Parish Priest
Fr Joseph Figurado is the Parish Priest of All Saints Blackbutt South
Fr Joseph Figurado's Story
Story of a Fisherman's Son
.........................
Father Joseph hails from a poverty-stricken fishing family in Mannar, Pallimunai, a small fishing village with nearly 1900 Catholic Families. He grew up surrounded by the ethnic war that ravaged the country for more than 35 years. He remembers as a young boy being forced to leave his home after a massive attack to go to a refugee camp. As he walked, with his parents, shells fell around them. His siblings were holding hands but were thrown away by force. His brother died during that bloody war.
The Figurado family were in the refugee camp for nearly 2 years. His father was a fisherman, and Joseph would join him each day. His mother wanted him to study, so he joined the refugee camp school run by the clergy. The school was under trees, and every morning all the boys would stand straight in line for roll call and pray for rain — because that would mean lessons would be cancelled, in fact, which happened very often! War was all around and people were dying in the places surrounding the camp. Most of the burials took place in the Shrine graveyard. However, through the family's hardship, they did not lose their Faith. Most of the time, they lived in darkness, without the necessity of light. Even when they had no water, electricity, or candles and not much food, the family prayed together, especially holy rosary in the evenings. Fr Joseph remembers his mum saying: "Before we were eating for taste — now we are eating for hunger."
The refugee camp was managed and run by UNHCR "United Nations High Commission for Refugees" this was the first long English sentence Fr. Joseph memorized. Our Lady of Madhu is a National Marian Shrine of the Diocese of Mannar and the refugees camp was around this Shrine Vicinity covering more than fifty acres. It was at this time Fr Joseph heard the call to become a priest. Fr Joseph was an altar boy, and a thought kept coming to him, "why can't I also be a priest?" At only 16 years of age and knowing no English, he joined the Minor Seminary, then joined St Patrick's College in Northern Sri Lanka in 1991.

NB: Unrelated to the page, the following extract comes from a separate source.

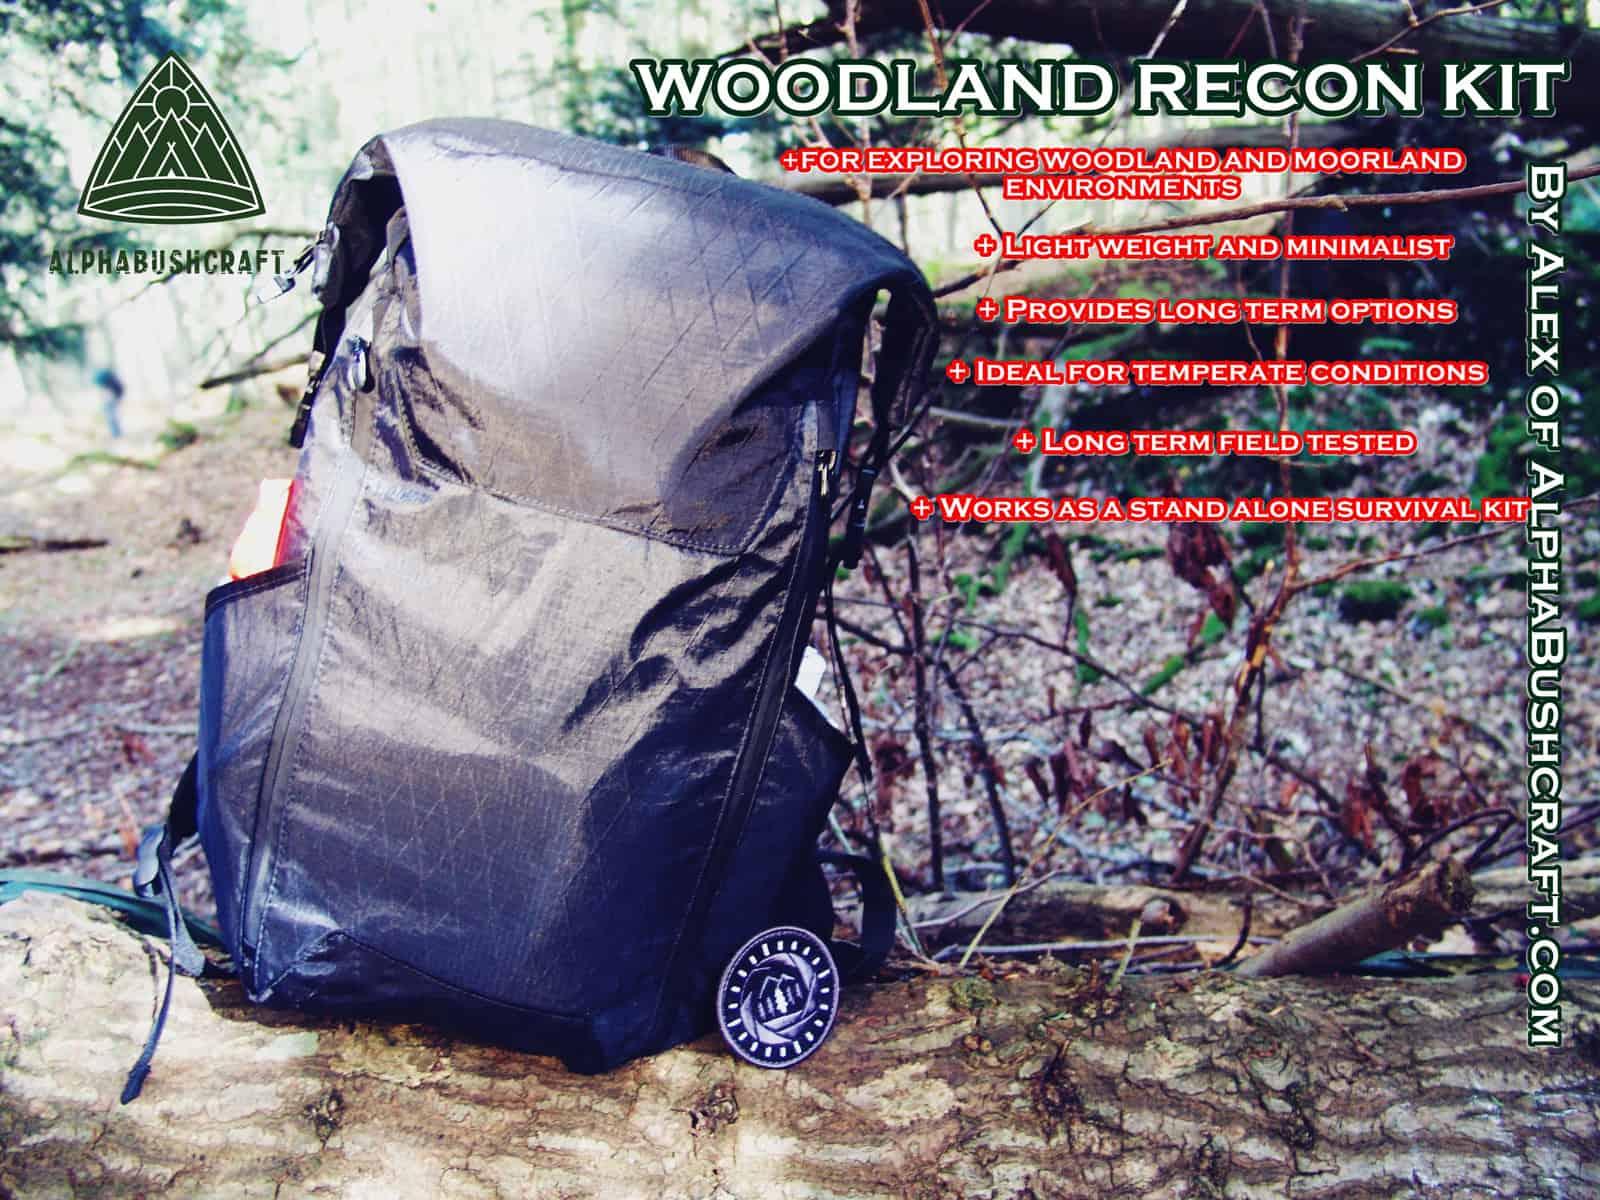 Minimalist Woodland Recon Kit pccover
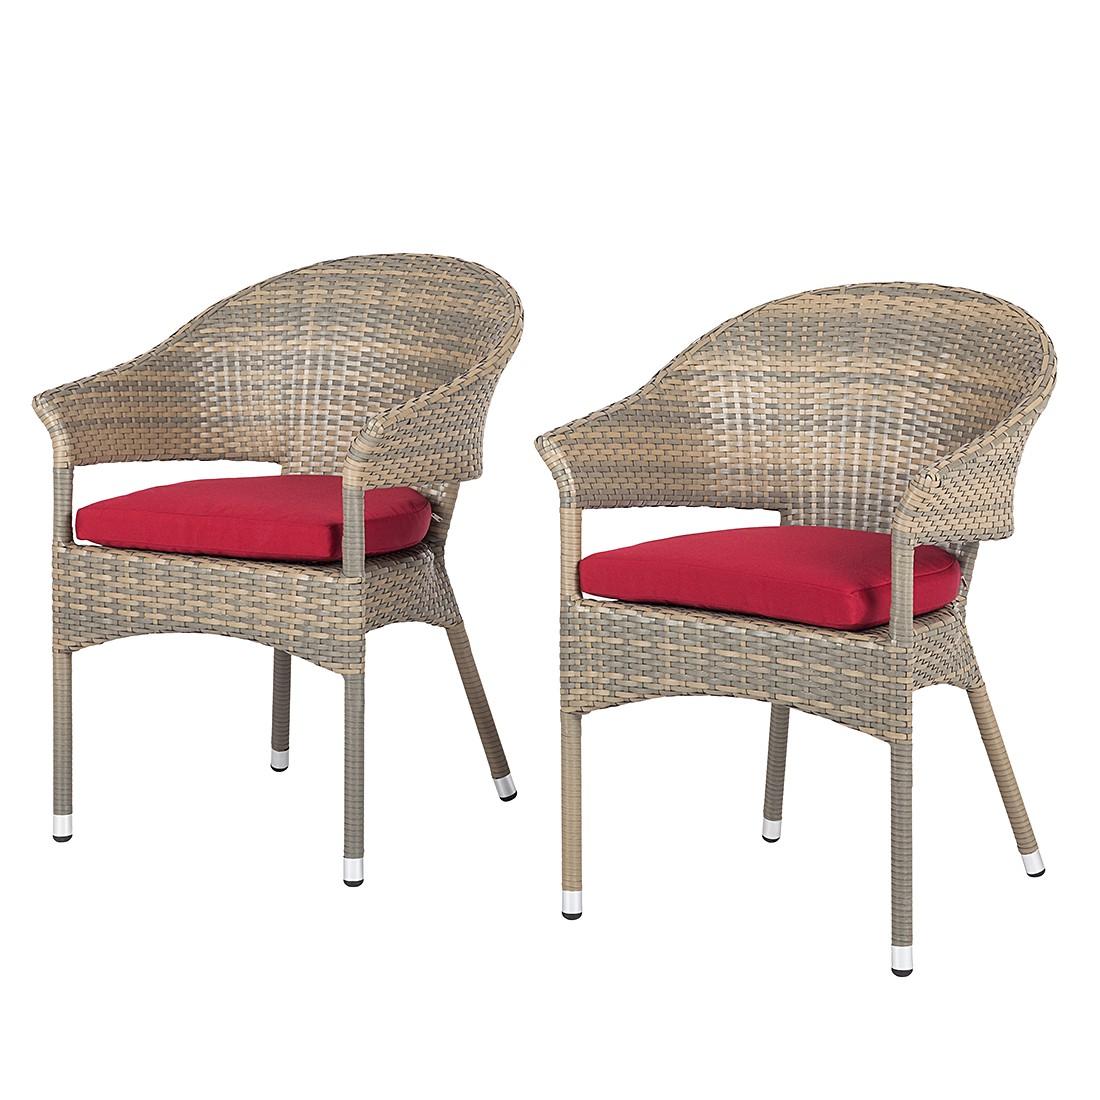 gartensessel felice 2er set polyrattan anthrazit rot ebay. Black Bedroom Furniture Sets. Home Design Ideas

It was still a fierce time of war, and as he walked to school, the sound of artillery launches would reach him and his friends. Bunkers on the side of the road protected them from the shells and debris that would fall. "I saw plenty of death," he says. There had been many occasions that we collected remains of bodies in sacks. Still more trauma came to Fr Joseph when a tsunami hit Sri Lanka in 2004. He took immediate supplies and assistance to the scene the following day to the Eastern Part of Sri Lanka. When Fr Joseph speaks of these experiences, he shares his unshakable Faith. "Through all the calamities, my Faith was strengthened," he says. “Some lose their Faith in these situations. We didn't. My family's Faith, my parent's Faith, stayed strong and guided and kept us strong.”
In 2006, in a time of war, Fr Joseph became a priest, and worked in Sri Lanka for 10 years. He ministered in different languages, and would be asked, "Is there a God?" as the ethnic war reignited in 2008-2009. Though he did not give them a satisfying answer to those questions in a time of war, he was able to show them that he was with them, smiling, laughing, eating, most of the time, crying with them and comforting them.
In 2017, Fr Joseph came to Australia and is now happily serving as Parish Priest of All Saints Blackbutt South for six years, from 1 March 2021 to 28th February 2027, by the decree of the VG of the Diocese of Maitland and Newcastle.
No one would know of the tragedy that has filled his life because his motto is "humble service with a smile". He is more concerned that others would never feel the suffering he experienced. More careful not to pass that one to others.
He wants to share with all young people that regardless of their situations, they can come through and "shine" like him, with the power of Jesus. He says, "Let us make our Faith a strong pillar, our hope and Prayers our wings, let us have God's love and compassion as our wind below our wings, then we can hover and soar over all kinds of hurdles in our life.